Bref, quoiqu'il en soit, je suis allée chez ma grand mère paternelle hier et elle m'a fait un petit speech sur le fait que j'avais une famille pour m'aider, et que je ne serai jamais toute seule. Avant, je les prenais pour des exemples d'hypocrisie vénère mais étant dans une période fragile, je me suis laissée émouvoir et je me suis interrogée sur mon hypothétique vie, si j'avais vécu avec mon père. Serait-il parti en Australie avec moi ? Et puis ça aurait été une toute autre ambiance, du côté de mon père, il s'agit de gens éduqués, avec le "sens de la famille" (peut être du au nombre, j'ai 7 oncles et tantes) contrairement à mon milieu actuel rempli de sordides secrets de famille (que je ne connais pas)... J'ai d'assez bons souvenirs avec particulièrement trois de mes tantes, une qui parle sept langues, qui avait l'habitude de me donner quelques uns de ses bijoux et qui m'emmenait au cinéma, une qui avait une chienne que j'adorais et une qui habitait, selon moi, dans un château. Mais je crois juste que c'était une très grande maison en banlieue, en fait. Bref, je suis en mode Mr Nobody mais c'est vrai que c'est curieux de constater la différence entre mes deux familles.

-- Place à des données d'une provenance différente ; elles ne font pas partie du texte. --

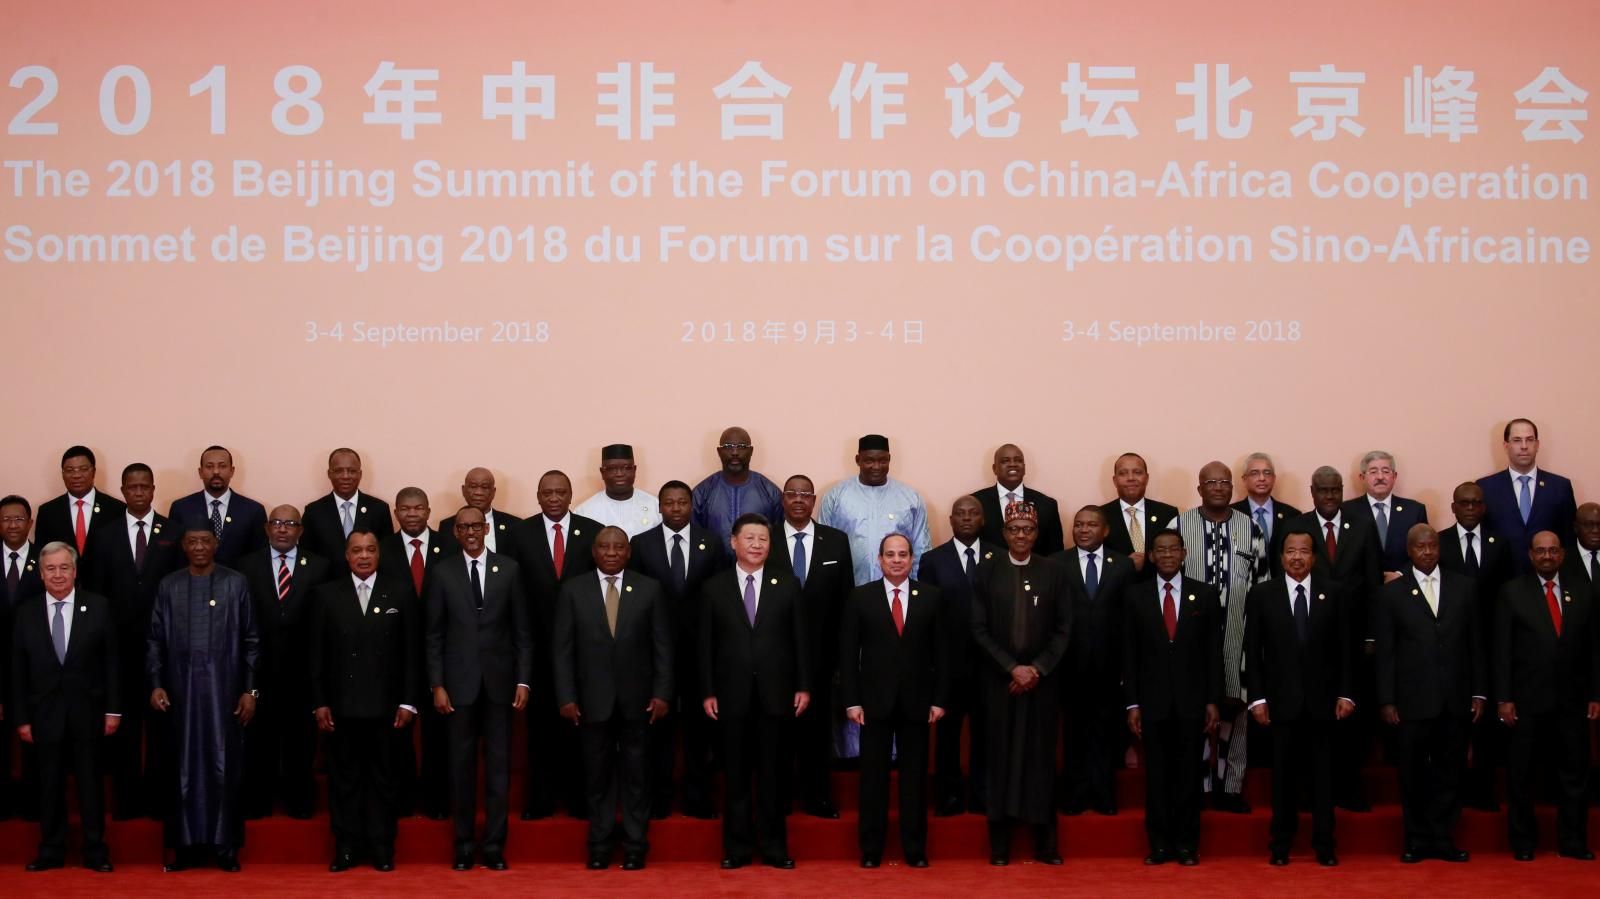 الرئيس الصيني والرئيس المصري عبدالفتاح السيسي في صورة جماعية مع قادة ورؤساء ألإريقيا المشاركين في القمة الصينية الأفريقية في بكين 2018.
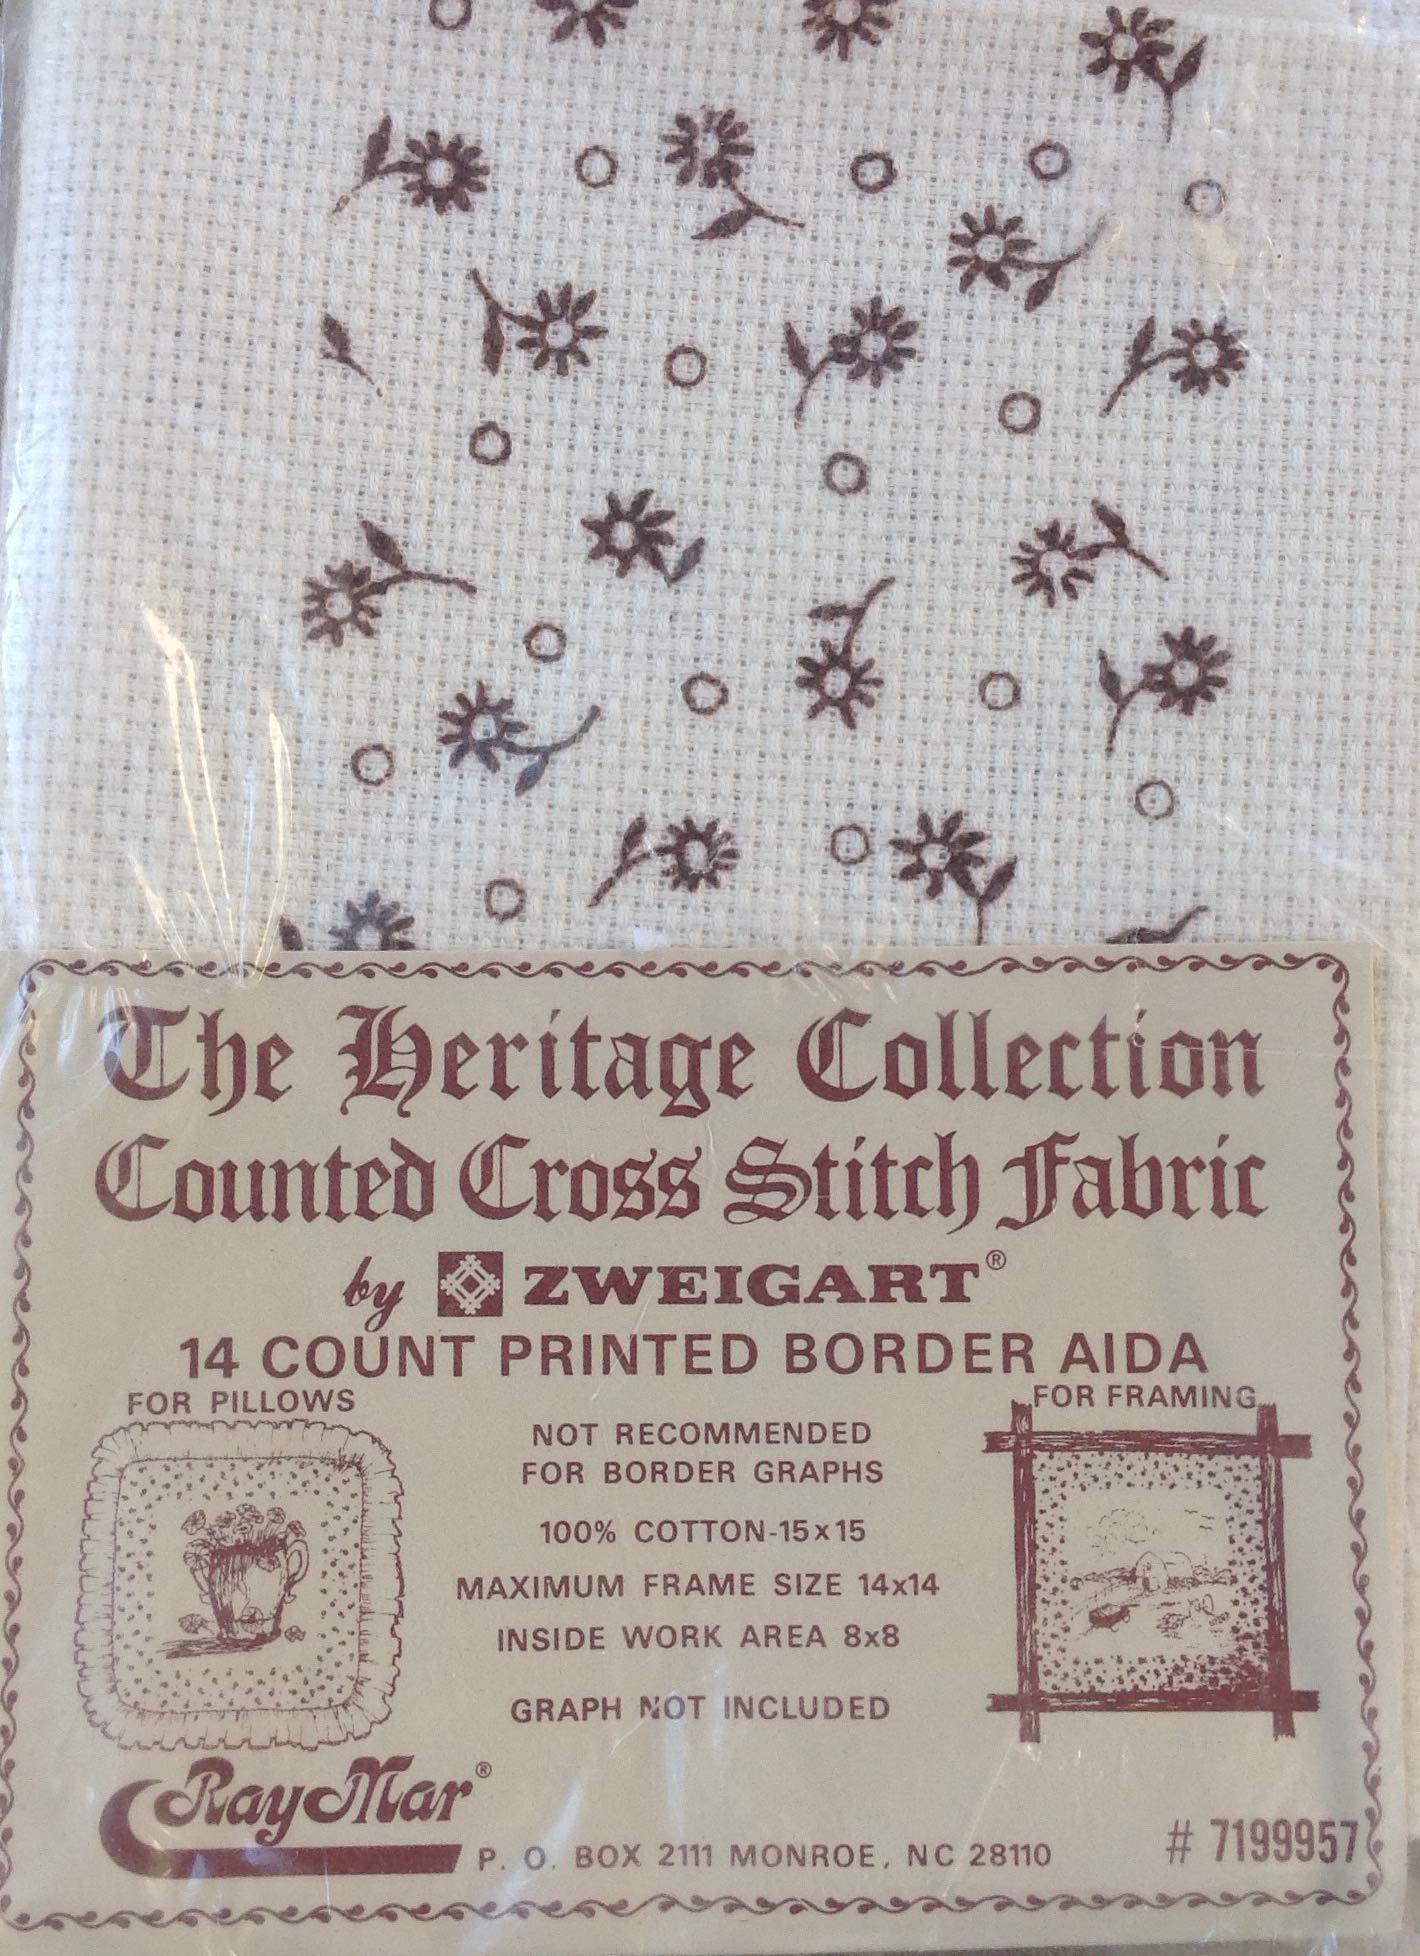 Raymar raymar cross stitch fabric 14 count - border aida - brown flowers

Et puis sinon, j'ai décidé d'accepter ma solitude. Il parait qu'elle est "normale" mais que moi, je me trouve beaucoup trop seule à cause de ma carence affective, alors j'essaie de me mettre à la norme, j'essaie de me dire que c'est normal de ne pas avoir un truc à faire tous les week end, ou après les cours, que c'est normal de se promener sans but dans la rue et que je ne suis pas aussi seule que je peux le penser. Entre les "Je serai toujours là pour toi" d'une personne qu'il n'est plus la peine de mentionner et les discours familiaux de ma grand mère paternelle, faut que j'arrête de penser que je suis toute seule dans ma vie merdique (j'ai à manger, des fringues et une éducation, mais ça ne suffit pas pour être heureux).

Et j'ai commencé The New Girl avec Zooey Deschanel. Je trouve ça dommage qu'elle joue toujours les même rôles... La série est sympa, mais sans plus.